The European Tour took a chance this week, taking a sponsorless Austrian Open and turning it into a live Petri dish called the Shot Clock Masters.
They put up a modest 1 million purse, and they asked the field to subject themselves to a time limit on every shot -- a time limit already written into the tour's player handbook but rarely enforced. If a player exceeded the time limit on any shot before calling one of their two available time extensions per round, they would be penalized one stroke.
Through three rounds, there have been three players who were assessed penalties, all in the third round:
- Clemens Prader took 4 extra seconds on a putt on the sixth hole, turning a 75 into a 76
- Grant Forrest took 3 extra seconds on an approach shot on the 15th hole, turning a 74 into a 75
- Andrea Pavan took 3 extra seconds on a putt on the 18th hole, turning a 72 into a 73
In other words, none of the three players who incurred a penalty were playing under-par golf. They were already playing themselves out of the tournament on Saturday, and the penalty stroke was only rubbing dirt in the wound. As for all the players in contention, including the ageless Miguel Angel Jimenez, the timer -- either 40 or 50 seconds, depending on order of play -- wasn't an issue.
The best part the Shot Clock Masters has been the reduction in round times. Jimenez's group on Thursday took 50 minutes less as a threesome than the average threesome in the same event a year ago. Generally speaking, threesomes took anywhere from 30-40 minutes less than last year's times. The shot clock will save less time in twosomes, but the perceived pace will be better for fans in attendance and on TV, who will spend fewer seconds waiting through chatter and pre-shot routines and standing over the ball before players get on with it.
It's important to note the Shot Clock Masters concept doesn't represent some kind of innovative approach to pace-of-place enforcement. This is already in the European Tour player handbook (and the PGA Tour's, too). The clock is merely there to remind players what they should be doing on their own, and the official there to enforce it is doing a job often assumed by annoyed fans rather than those with the power to enforce penalties on the ground.
It's easy to understand why an official might be naturally reluctant to assess those codified pace-of-play standards in every single instance. They have to deal with the players, their caddies, their better halves, their agents, their coaches, their sponsors and the public if they choose to tack on strokes that will have an effect on the final results. The beauty of the shot clock is it takes all of the interpersonal relationships out of it. If the clock strikes zero, the rule is enforced. Blame it on the clock, not the person. That's how it should be anyhow.
The player reaction has been largely positive. The fast players are thrilled to play at a pace they'd prefer instead of being held hostage by the unchecked pack of turtles. Many of the slower players have learned they, in fact, can play well within the confines of the rules they agreed to in the first place.
The next step is to expand the concept. The experiment worked. Do it again on the Challenge Tour -- the European equivalent of the Web.com Tour -- in the grand finale this year, when the difference of a penalty stroke could mean losing European Tour status for next season.
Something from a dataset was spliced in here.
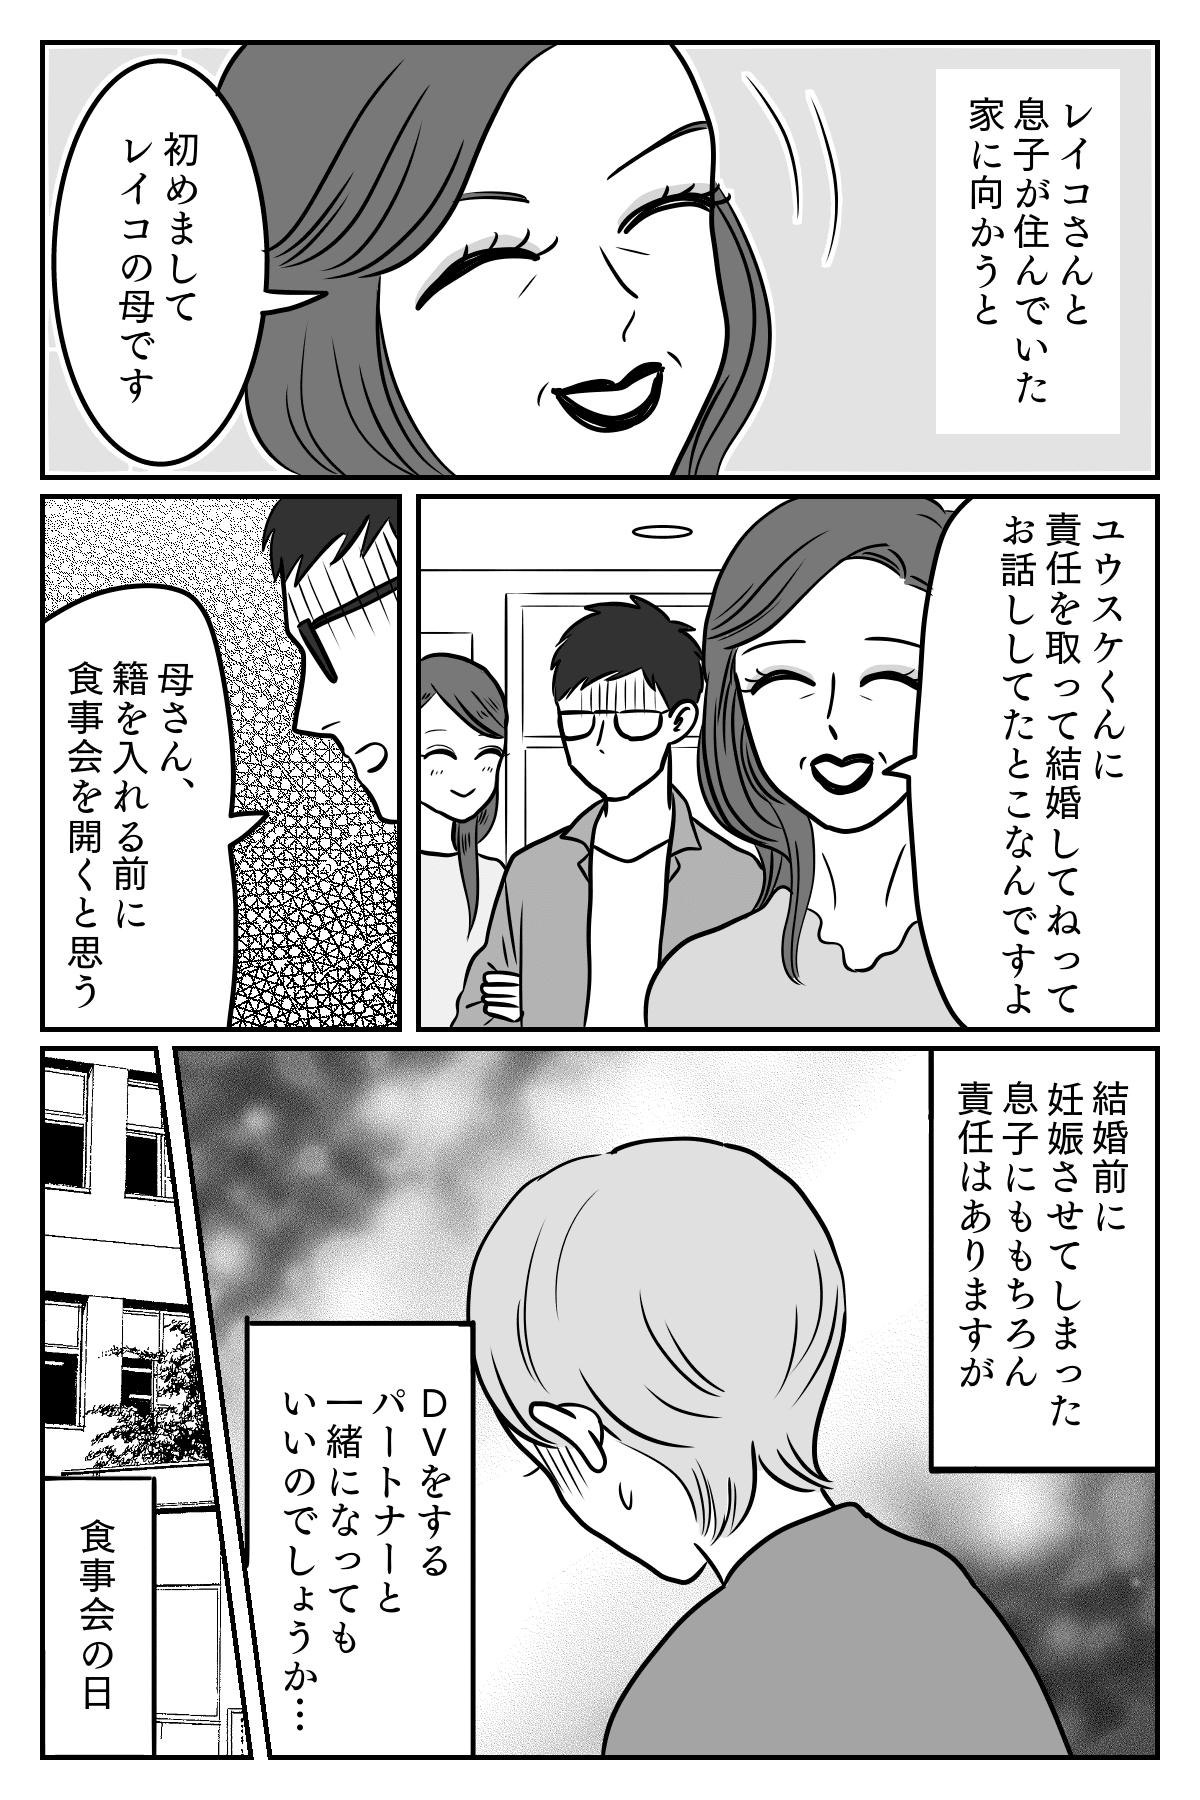 DV3-2

Work out any logistical kinks and get this thing going on the European Tour every week. Maybe the Tour can offer a few more time extensions per round in bigger tournaments, or they could allow players to bank their extra time in lieu of simply adding a predetermined amount of extra time.
The PGA Tour could try this, too, doing so in opposite-field events. The American players seem to need a little more convincing of the concept, so experiment first in events without the potential most-vocal whiners. The Tour could even slip in some sponsor components to it. Get a watch company involved to sponsor the clock, then give a watch to the slowest player based on average time. Run ads in between holes on the timer screens.
It can all work out.
There's no downside to bringing timing into professional golf. The clock enforces the rules, taking the personal touch and potential conflict out of it. The rounds go faster, leveling the playing field for quicker players. Best of all, the fans get a better product.